To me, half beats are a no go. It lacks immersion. But position wise, i dont care if a down beat sometimes ends up at a 60 position, instead of the usual 0. As long as the beats is felt as a downstroke beat, it does its job.

But even on that, there are 2 standards (for me):

  • Are the CH beats slow overal. Then the 0 position should be focussed on as much as possible. Its one of the very few where you can. Most of the time strokes are already limited.
  • Does it contain a lot of fast sections? If so variety can help at making it less numbing and more interesting. I still do generaly prefer that within a single section the down positions are static, or perform a linar gradient (beginning goes 100-60, end of section is 40-0). But i dont like constant waves of high and low without any reference point attached to them.

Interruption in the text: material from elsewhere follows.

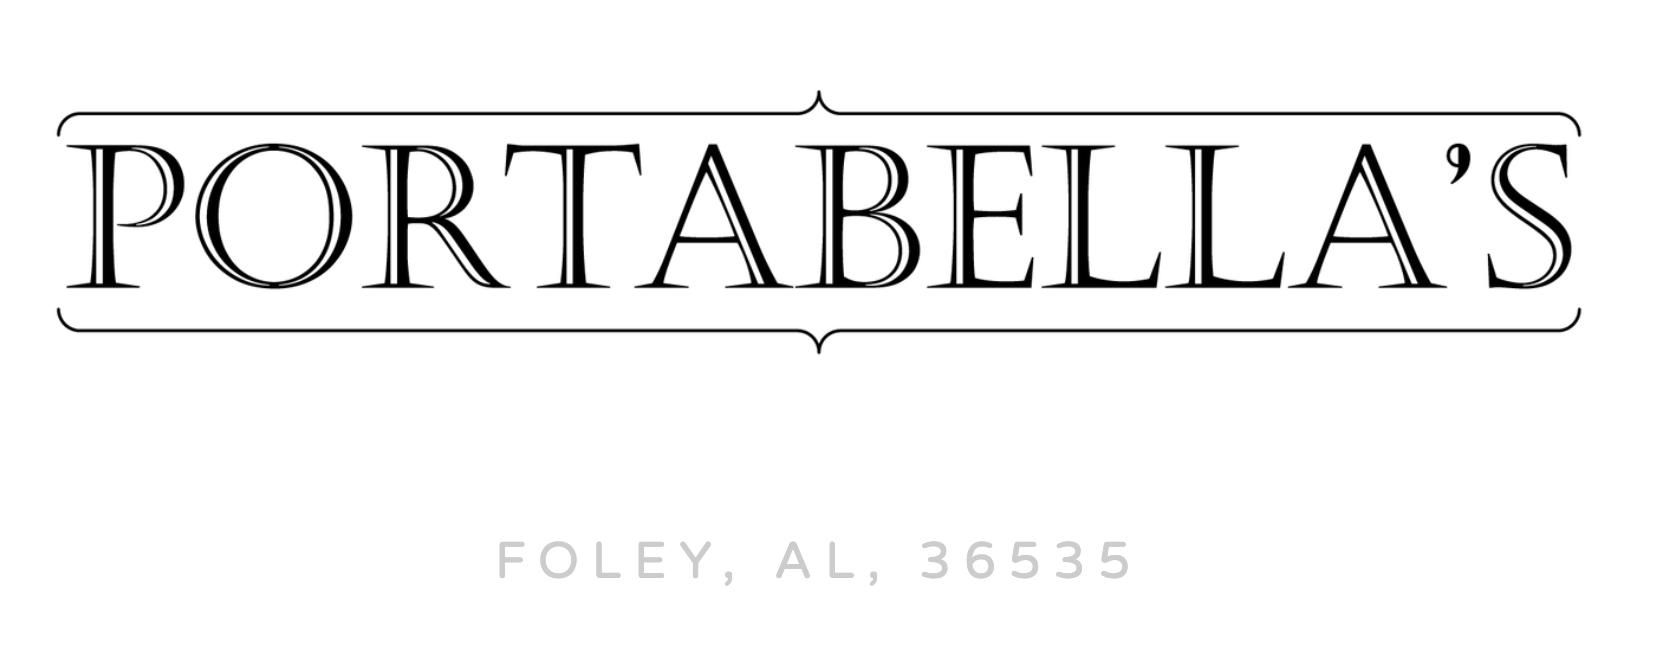 Portabella's in Foley

I have done several CH videos, and from my experience, variety bottom points that match up, are generaly experienced best. Most videos are capable here, but its actualy not often done. For example if the music does a low and high kick sound alternating at the same speed as the beats, i like it most if 1 of the 2 goes lower than the other. It generaly allows 1 beat to move to the top on the upstroke (which doesnt match a beat there), and the next beat can then fully reach the bottom.
Patterns like this can help adding variety in a video:


Its not a perfect CH on that. But then again, some CH videos were designed more like a PMV making this sort of action very suitable. It does allow you to make slower parts even slower, which can helf faster sections that normaly are limited feel faster again.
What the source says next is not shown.